**Problem to solve**. Give back the whole listing exactly as written, leaving out each picture.

**Raw data**.
┏━━
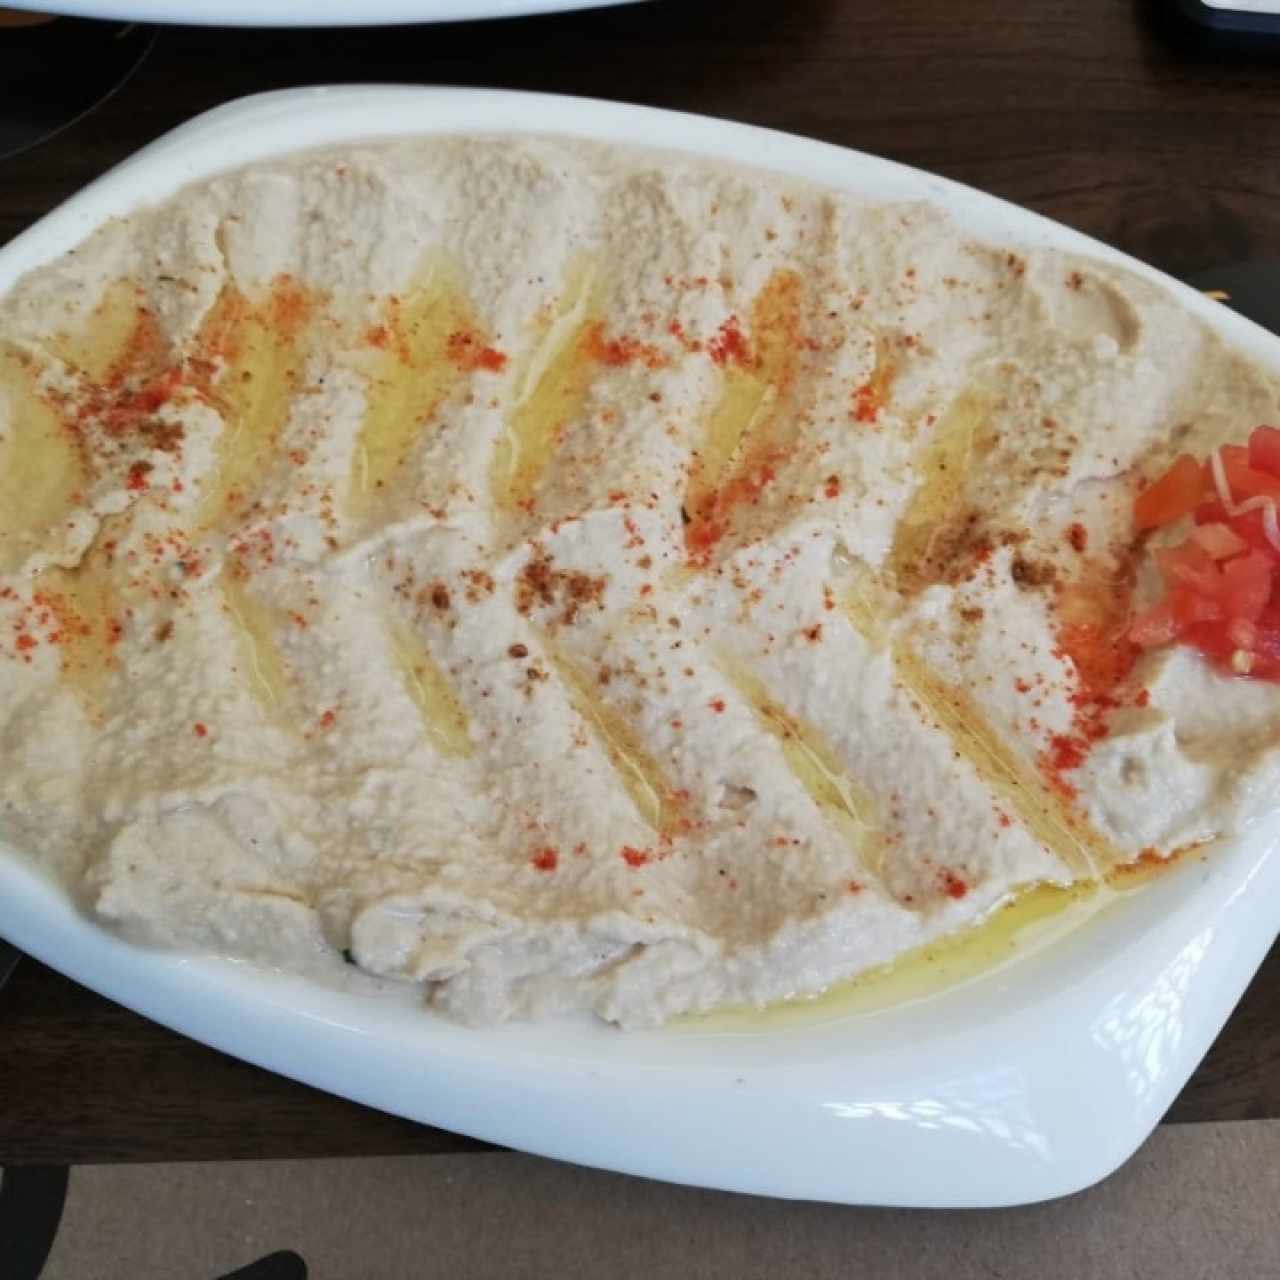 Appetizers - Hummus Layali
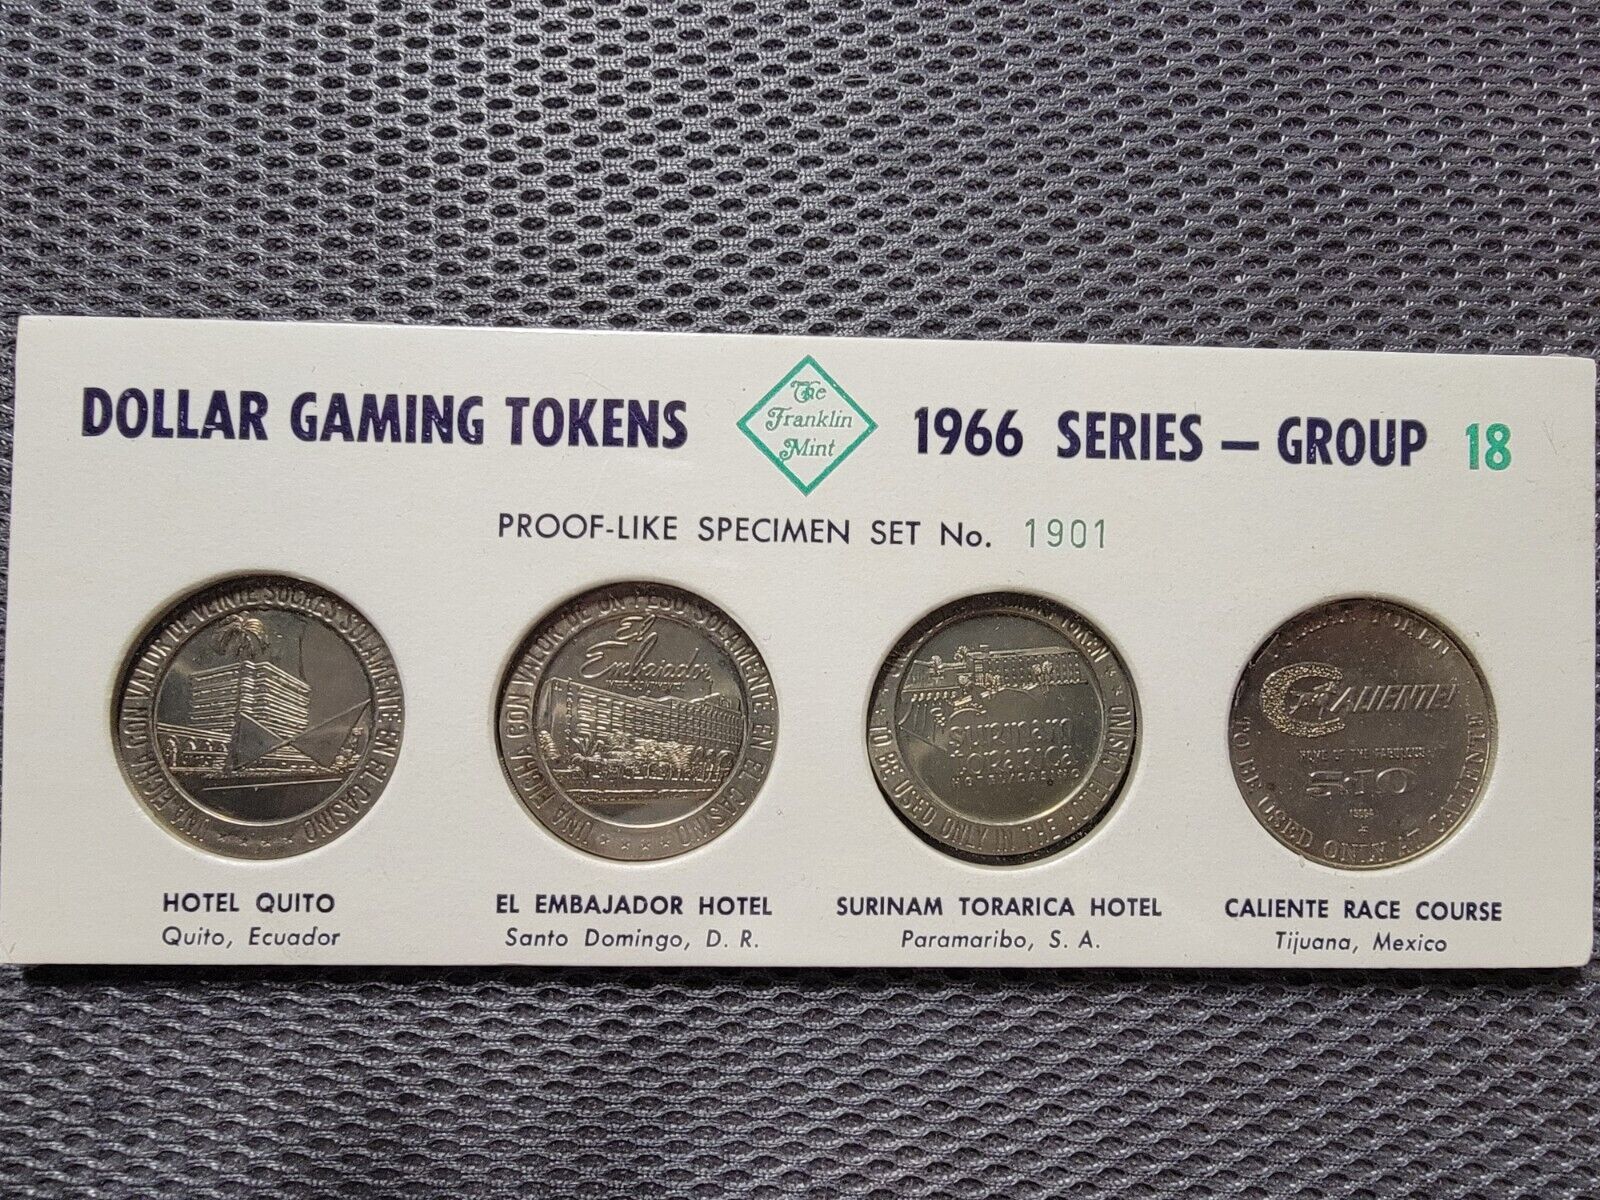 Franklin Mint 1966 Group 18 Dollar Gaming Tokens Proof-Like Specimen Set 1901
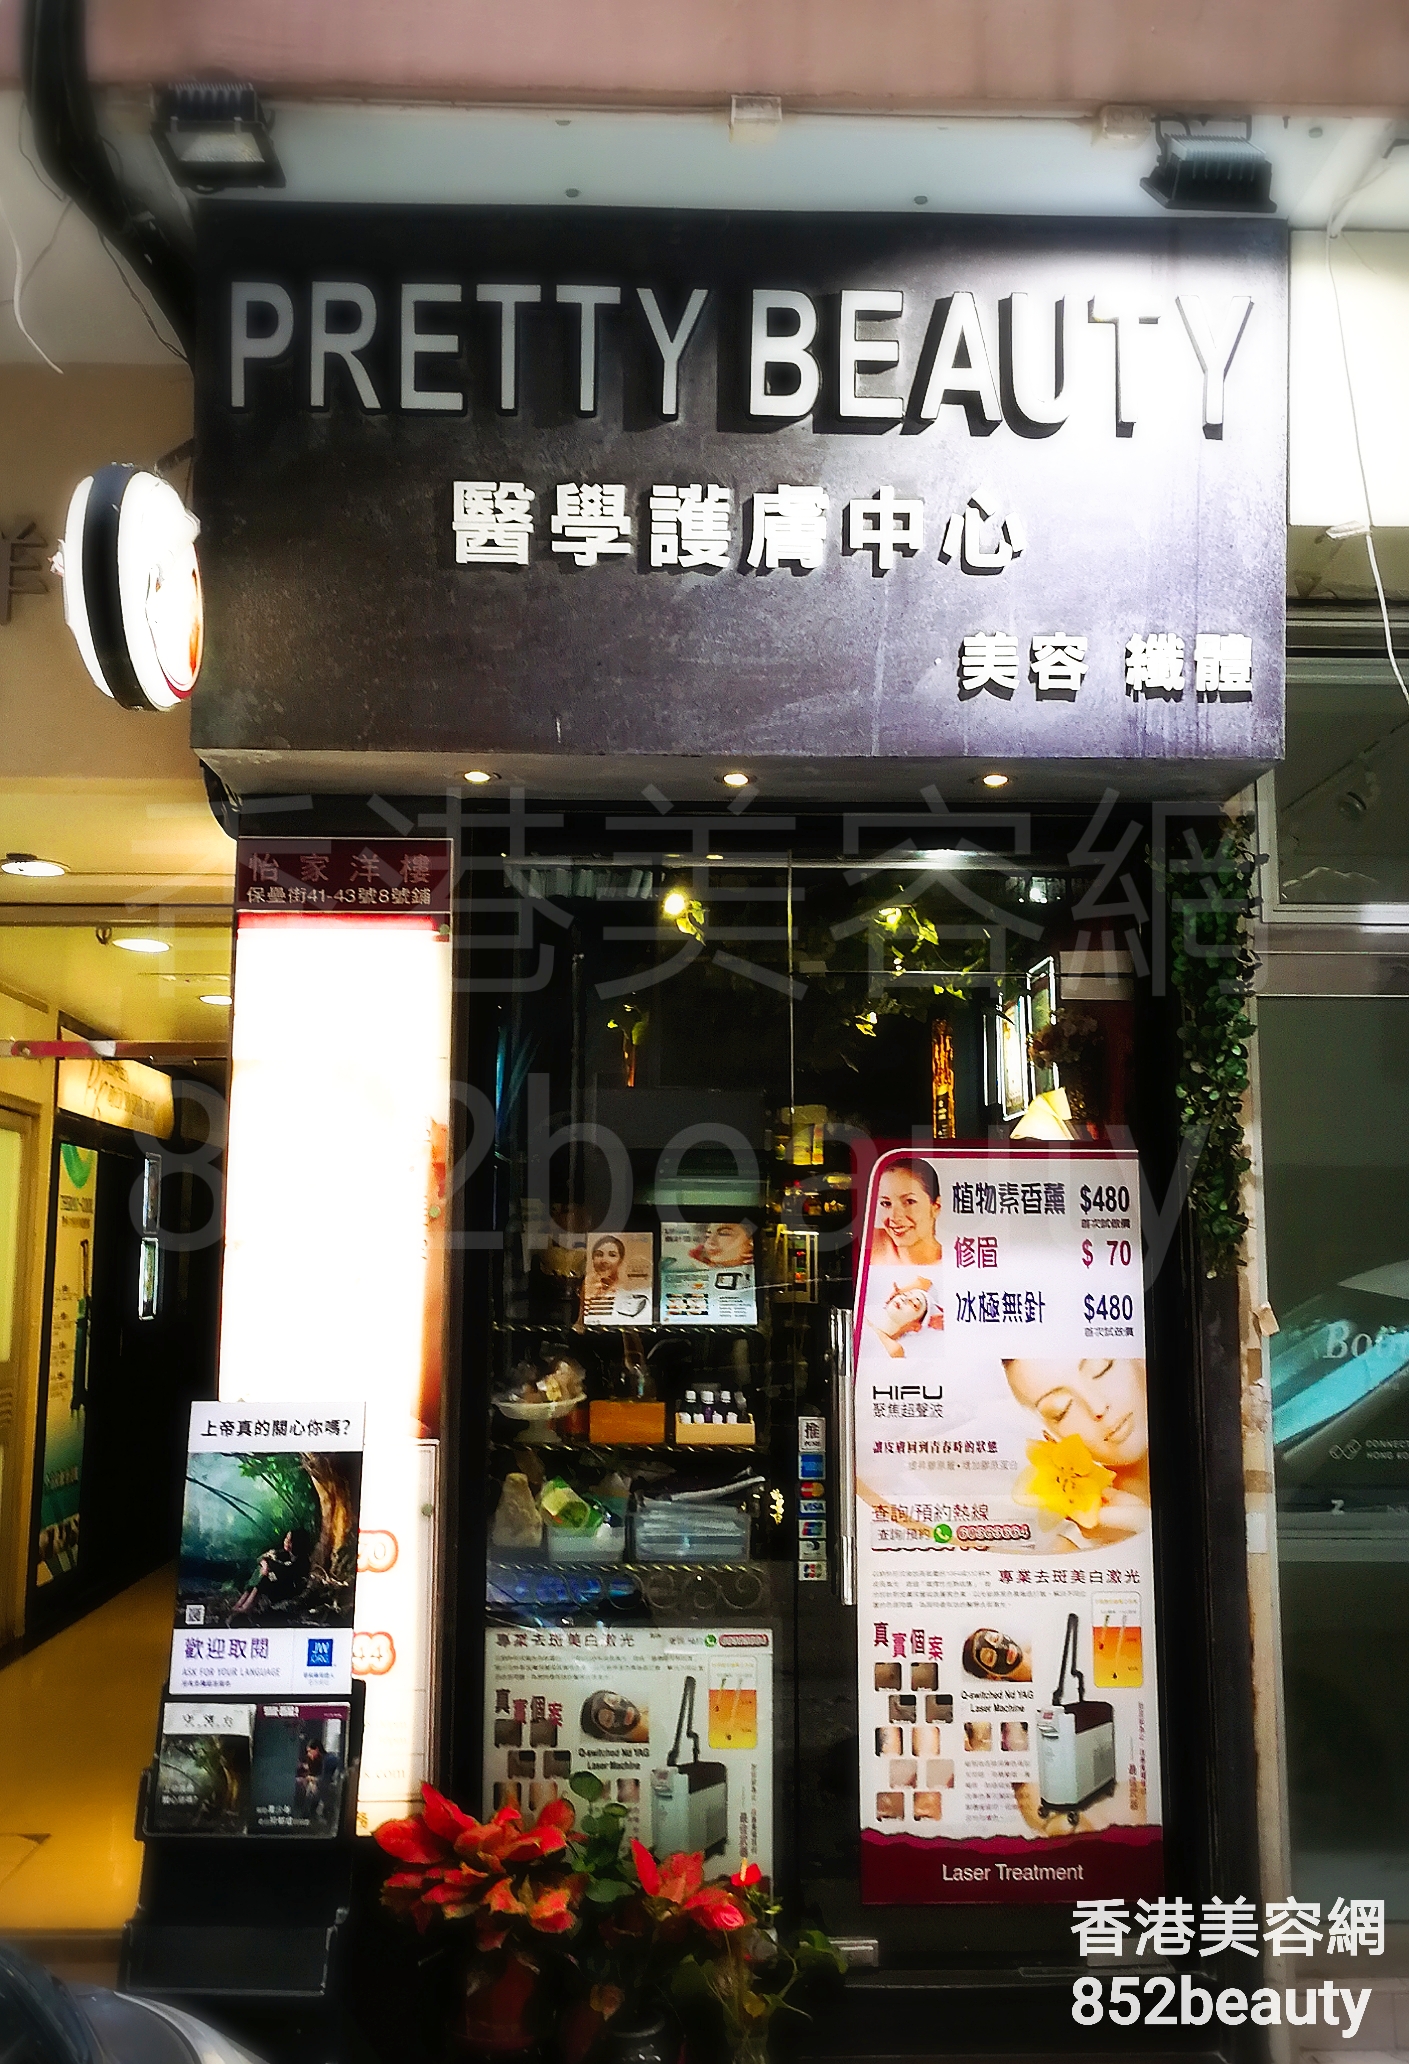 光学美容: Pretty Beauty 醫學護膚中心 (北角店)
┗━━
**Final answer**.
 Appetizers - Hummus Layali
 Franklin Mint 1966 Group 18 Dollar Gaming Tokens Proof-Like Specimen Set 1901
 光学美容: Pretty Beauty 醫學護膚中心 (北角店)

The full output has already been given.